IF these values are correct (which they very well may not be - we'll see), it's fine at low level, but at high level starts to fall apart. A character (maybe a bard?) at 20th level with an 8 Wisdom who is untrained in Perception would have a -2. An Expert in Stealth (rogue) with 20 Dex would have a +26. This means the bard has a d20-2 to hit a DC 36 to spot the rogue, while the rogue is rolling d20+26 vs. DC 8 to be sneaky.
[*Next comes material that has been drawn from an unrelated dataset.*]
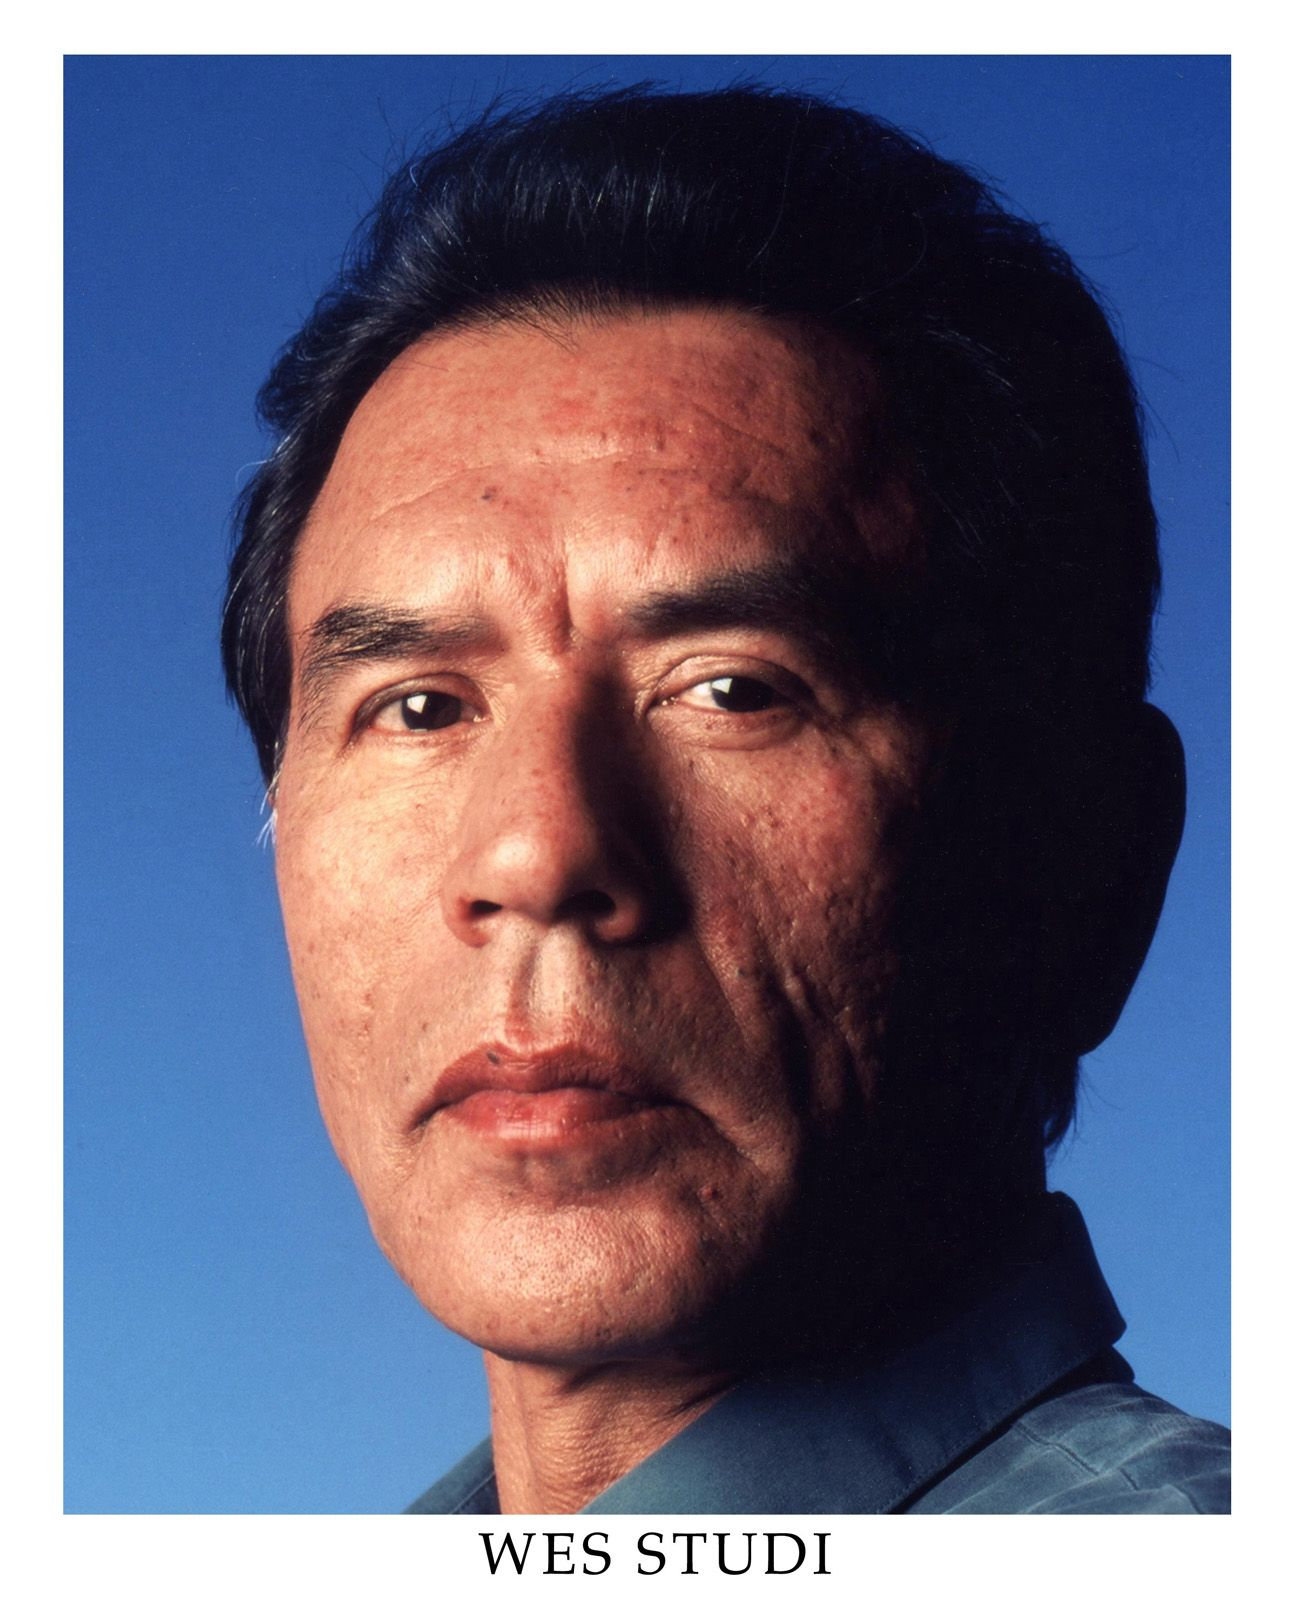 Cherokee Indian Wes Studi film maker

The rogue could take actions totalling a -20 penalty and still only fail on a 1.

This is an extreme case for sure, but the disparity in values leads to dice being meaningless and flat bonuses being the whole game, which I very much disliked about OG Pathfinder.

Who knows, maybe this system works entirely differently from my understanding, and it's still just a playtest, so things may definitely change, but I'm skeptical for now.


I'm frankly surprised that no one has yet likened this to Castles and Crusades' SIEGE Engine mechanic (which 5e "borrowed" quite a bit from). Almost everything except attack rolls are d20 +stat mod, +level if it's a "class ability". You can try nearly anything and they recommend letting you add level to nearly any check unless it intrudes upon what another class is specifically designed to do (anyone can Move Silently, only Thieves can add their level). C&C mixes it up by having 2 (3 if you are human) of your 6 base ability scores be designated as "Prime" ability scores, which drops your target DC by 6 (effectively, +6 to your d20 roll). These are also used for saving throws, so if you are making a check based on a Prime, you get d20 +level +ability mod +6. If your check is against a non-prime stat, it's d20 +level +mod, and if it's something niche protected, you just get d20 +ability mod (still with +6 if it's against a Prime stat).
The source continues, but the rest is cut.